Abstract
Mature T/NK-cell lymphomas comprise a subset of aggressive non-Hodgkin lymphomas. Some of these subtypes are known to express CD30, including systemic anaplastic large cell lymphoma (sALCL) where CD30 expression is pathognomonic. Few advances have occurred in the frontline treatment of sALCL and other T-cell lymphomas over the past 30 years, with treatment typically consisting of anthracycline-containing regimens such as CHOP. Overall outcomes with frontline therapy are poor, with a complete remission (CR) rate of 39–53% (Reimer 2009; D’Amore 2012) and a 5-year overall survival rate of 12–49%, depending on subtype (Vose 2008). Brentuximab vedotin (ADCETRIS®) is an antibody-drug conjugate comprising the antibody cAC10, specific for human CD30, covalently attached to the microtubule-disrupting agent monomethyl auristatin E (MMAE) via a protease-cleavable linker. Efficacy was demonstrated in a pivotal phase 2 study of relapsed sALCL pts, where an objective response rate (ORR) of 86% and a CR rate of 57% were observed (Pro 2012).
A total of 39 pts were enrolled in this phase 1, open-label study designed to assess the safety and efficacy of brentuximab vedotin administered sequentially with standard-dose CHOP or in combination with CHP (CHOP without vincristine) (A+CHP) for the frontline treatment of sALCL and other CD30+ mature T/NK-cell lymphomas (ClinicalTrials.gov NCT01309789). ALK+ sALCL pts were required to have an IPI score ≥2. Pts in Arm 1 received sequential treatment (q3wk): 2 cycles of 1.8 mg/kg brentuximab vedotin followed by 6 cycles of CHOP. Arm 2 was designed to determine the recommended dose of brentuximab vedotin in A+CHP to be evaluated in Arm 3 (6 cycles q3wk). Responders were eligible to receive single-agent brentuximab vedotin (1.8 mg/kg q3wk) for 8–10 additional cycles (16 total cycles) in all 3 arms.
On Arm 1, 13 pts received sequential treatment with brentuximab vedotin and CHOP. Pts had a median age of 62 years (range, 23–81). All pts were diagnosed with sALCL (10 ALK–). Following initial treatment with single-agent brentuximab vedotin, 13 pts (100%) achieved an objective response (CR rate 38%). At the end of subsequent treatment with CHOP, 11 of 13 pts (85%) achieved an objective response (CR rate 62%). Treatment-emergent adverse events (TEAEs) (≥40%) included peripheral sensory neuropathy, nausea, fatigue, vomiting, dyspnea, constipation, and peripheral edema. TEAEs with a severity ≥ Grade 3 (≥10%) included febrile neutropenia, anemia, neutropenia, peripheral sensory neuropathy, constipation, and fatigue. Following sequential treatment, 12 of 13 pts remained on-treatment and received single-agent brentuximab vedotin.

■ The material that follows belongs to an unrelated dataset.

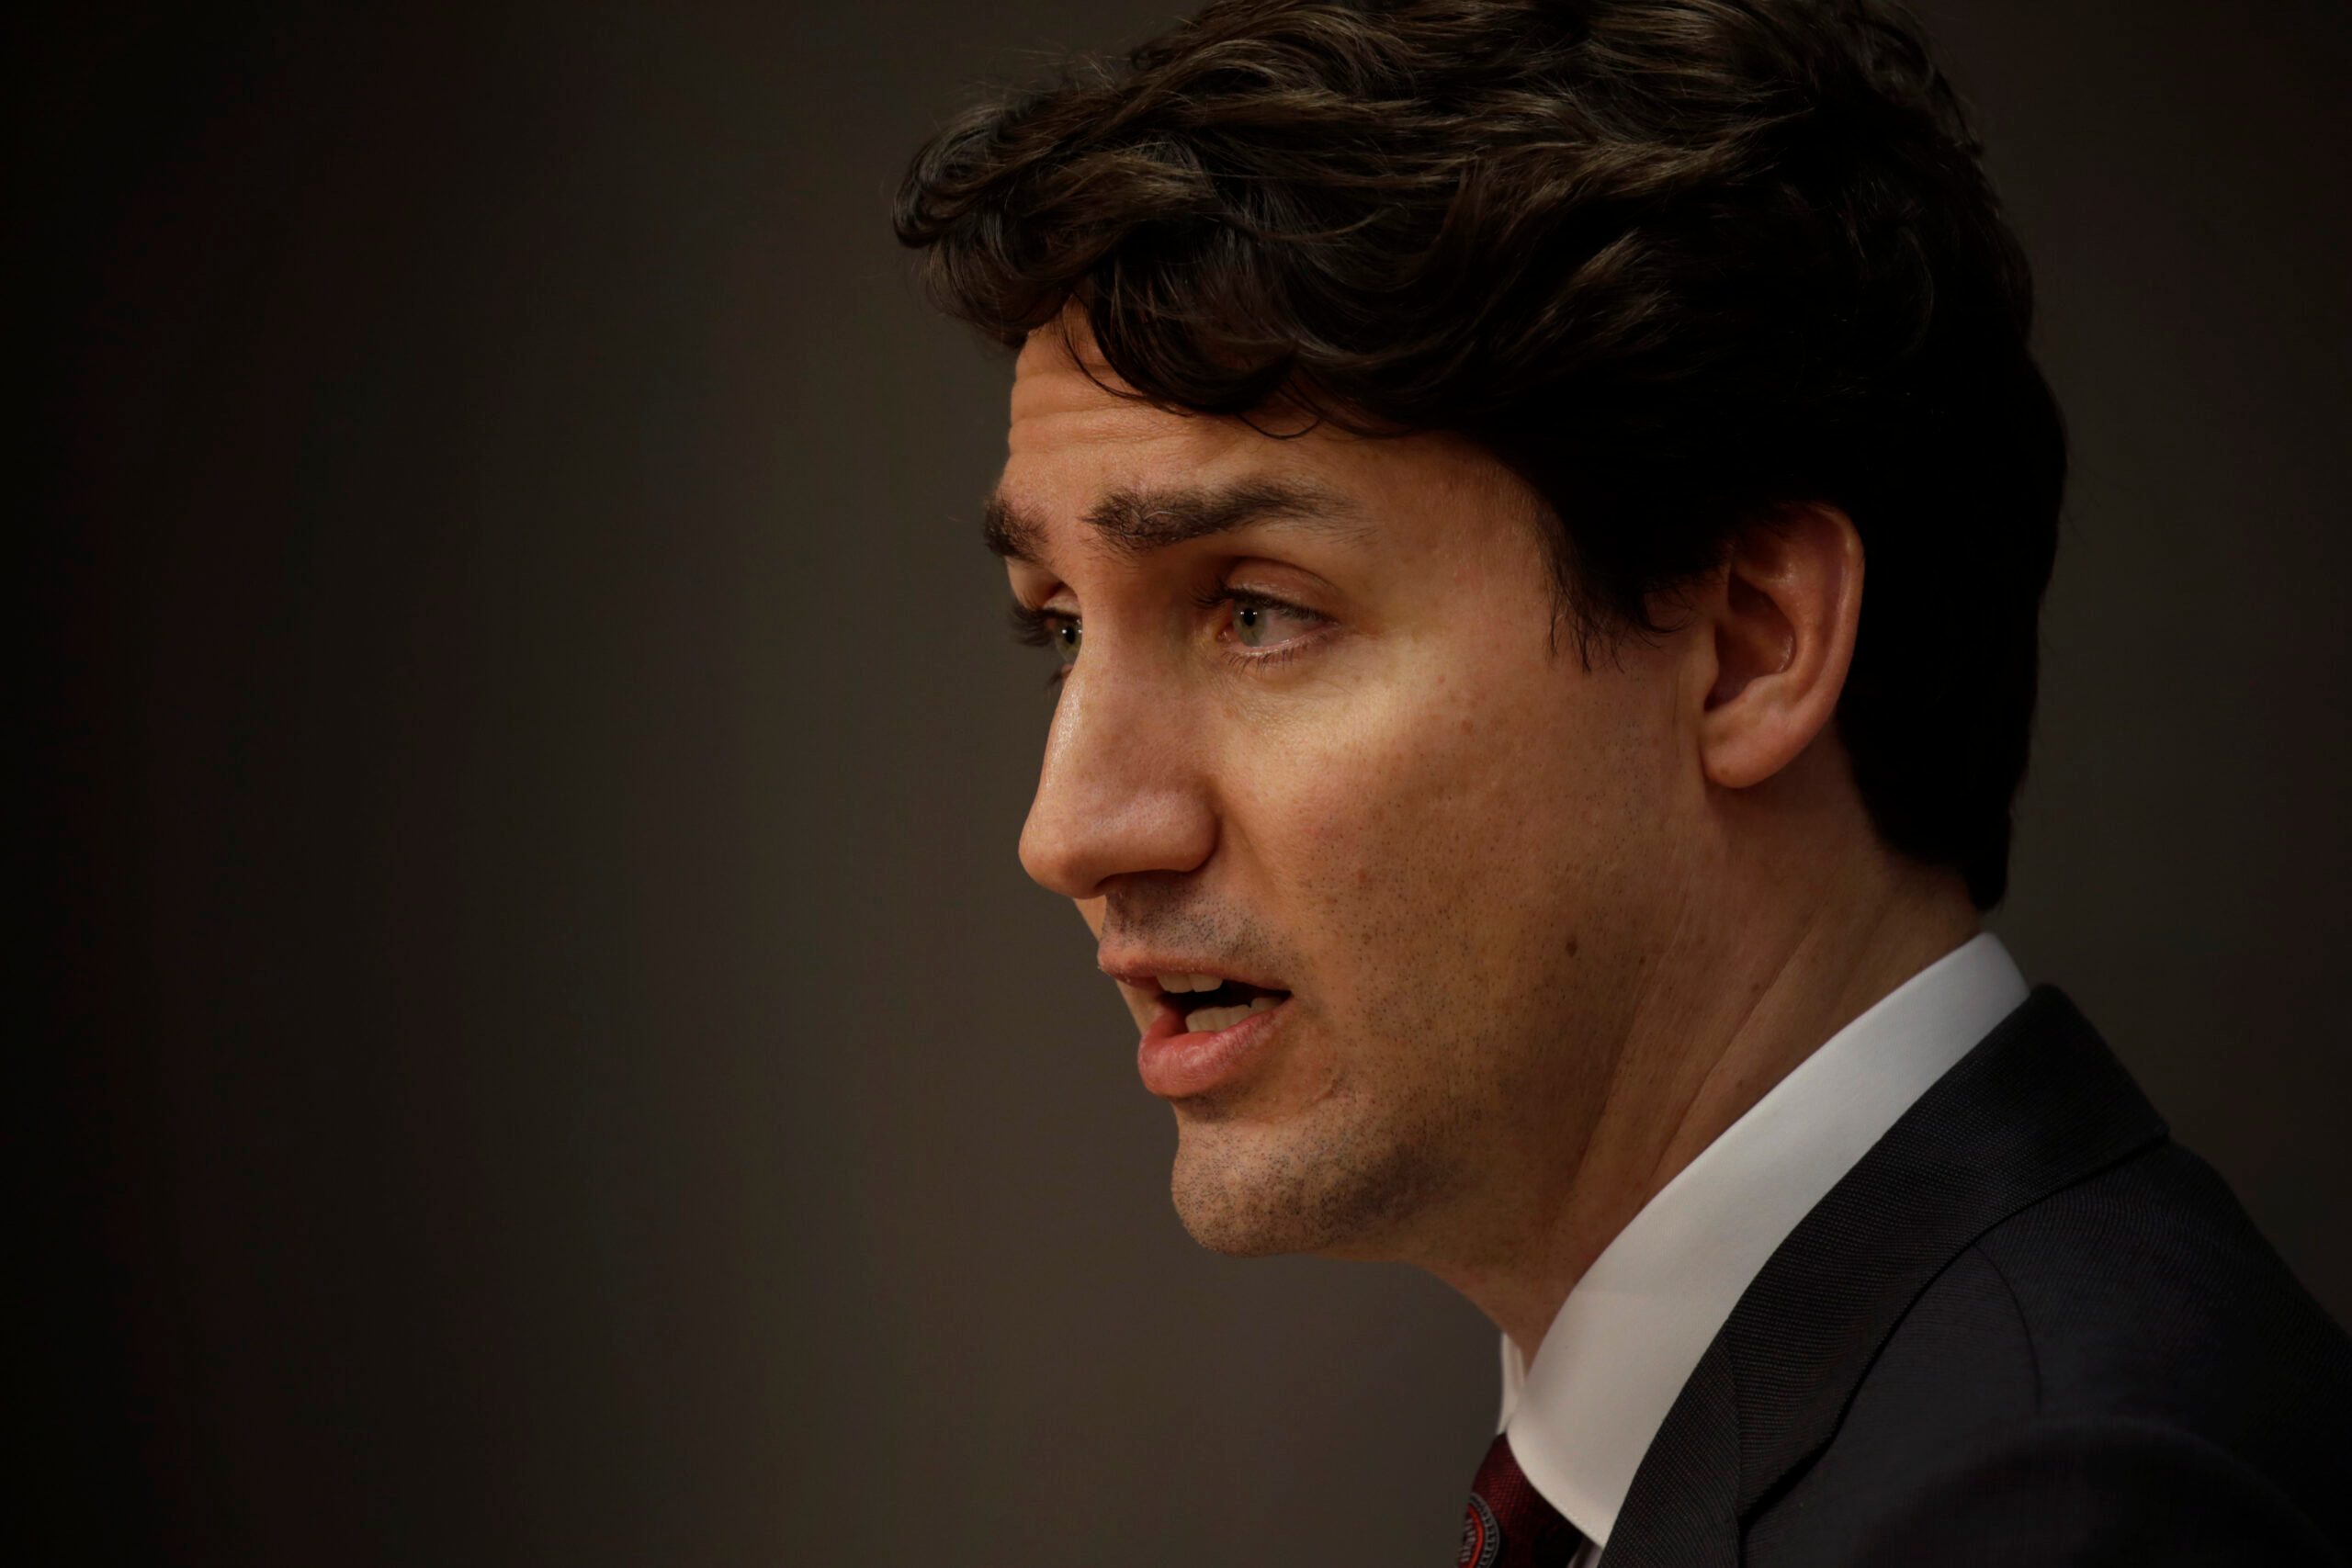 Opposition in Ottawa assails Trudeau for grabbing, jostling MPs

After a median observation time of 23 months, the 1-year PFS rate was 77% (95% CI 44, 92).
The remaining 26 pts received combination treatment with A+CHP on Arms 2 and 3. The median age of pts was 56 years (range, 21–82). sALCL was diagnosed in 19 pts (16 ALK–). Other diagnoses included peripheral T-cell lymphoma-NOS (n=2), angioimmunoblastic T-cell lymphoma (n=2), adult T-cell leukemia/lymphoma (n=2), and enteropathy-associated T-cell lymphoma (n=1).
The maximum tolerated dose of brentuximab vedotin in A+CHP was not exceeded at 1.8 mg/kg IV, based on 1 DLT (Grade 3 rash). 23 of 26 pts completed 6 cycles of A+CHP; 21 of these pts went on to receive subsequent single-agent brentuximab vedotin treatment. The median number of brentuximab vedotin cycles, including combination treatment and subsequent monotherapy, was 13 (range, 3–16). TEAEs (≥40%) included peripheral sensory neuropathy, nausea, fatigue, diarrhea, alopecia, and dyspnea. TEAEs with a severity ≥ Grade 3 (≥10%) included febrile neutropenia, anemia, and neutropenia.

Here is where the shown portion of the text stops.